The Wasatch Warrior said...

Excellent article. Very Heather King/Pope Francis "ish", a summons to courage and virtue rather then a First Things laundry list of "what's wrong with out culture" which is usually mundane and predictable. I love it.

What an unusual list of diagnosis...is this guy even licensed? I'd sue for malpractice if I were you. I found this in a review of Matt Laracy's writings, I wonder who wrote it...

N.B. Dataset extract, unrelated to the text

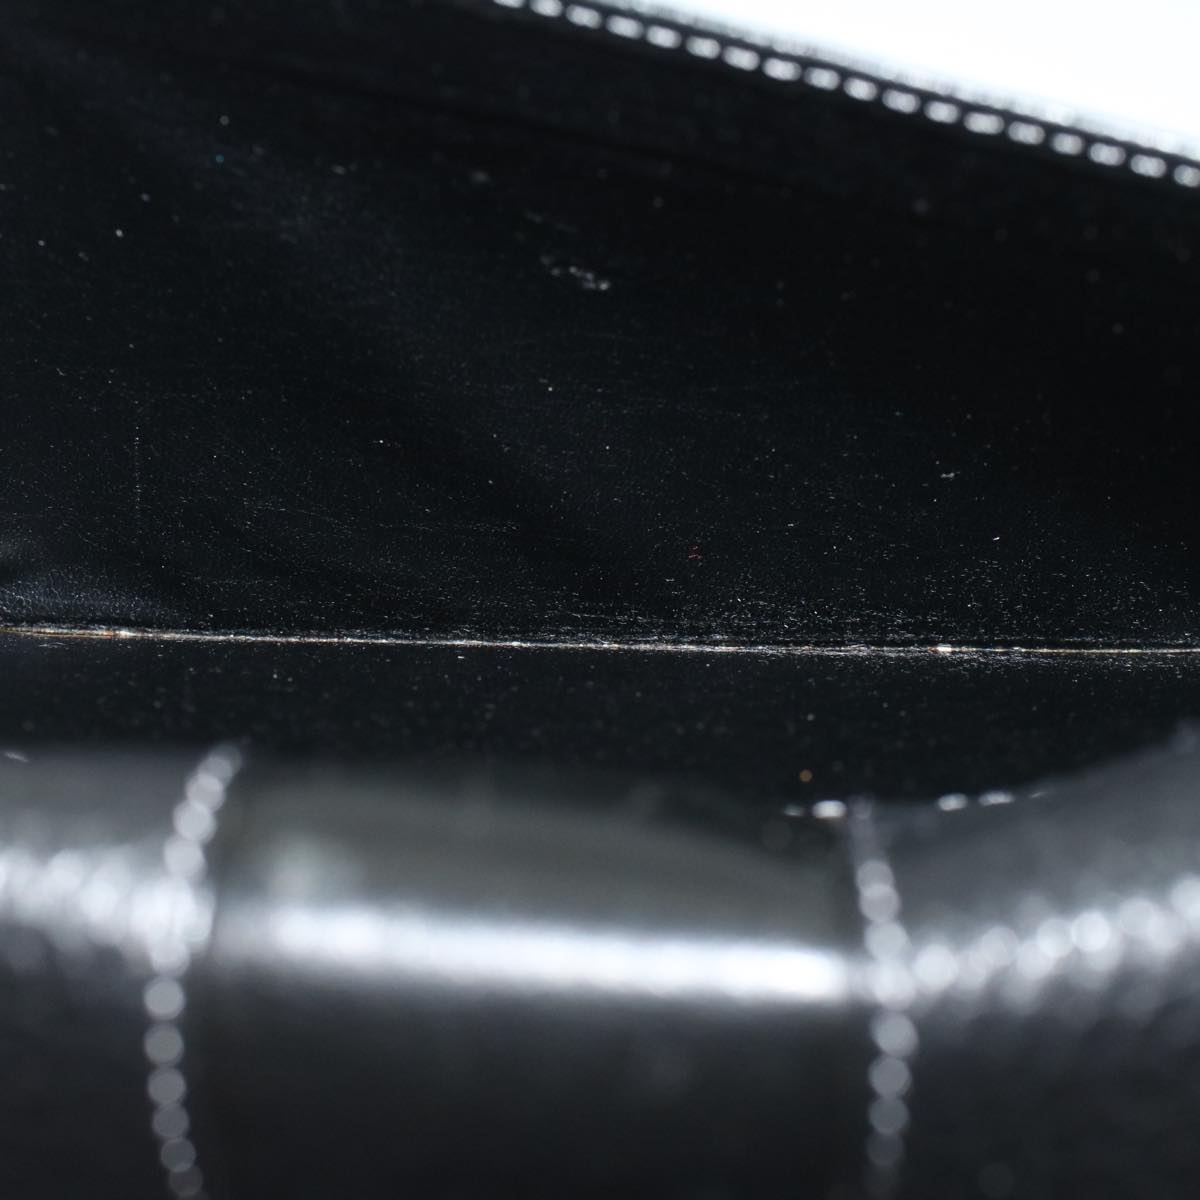 Burberrys Clutch Bag Leather Black Auth yk7752

"Laracy befriends his ideological enemies (he doesn't seem to have "actual" enemies) and usually loves them deeply. His passion is grounded in a deep interior silence along with a well established movement practicing (walks/strolls most notably). His fluidity between practical father/godfather/grandfather and nuptial mystic (Hildegard, Teresa, John Paul II) echoes most when he's visiting a tabenacle or one of the "anawim" in the streets of Jersey City. Laracy would do well to "remain/dwell/abide" (CF John 15) with the mystics (Aragorn, Augustine, Seraphim, Dorothy Day, Teresa of Calcutta, Christopher West, Flannery O'Connor, John the disciple, Neal Lozano, Evagrius of Ponticus, Bernard, Gerry McCarren, Msgr. Ed Bradley, POpe Benedict, Thomas Guarino, Eddie Vedder and his own grandchildren) rather then the culture warriors (Mango, Burke, Fox News). That's his playground, the mystics are his "happy place". We would do well to stay there with him as well.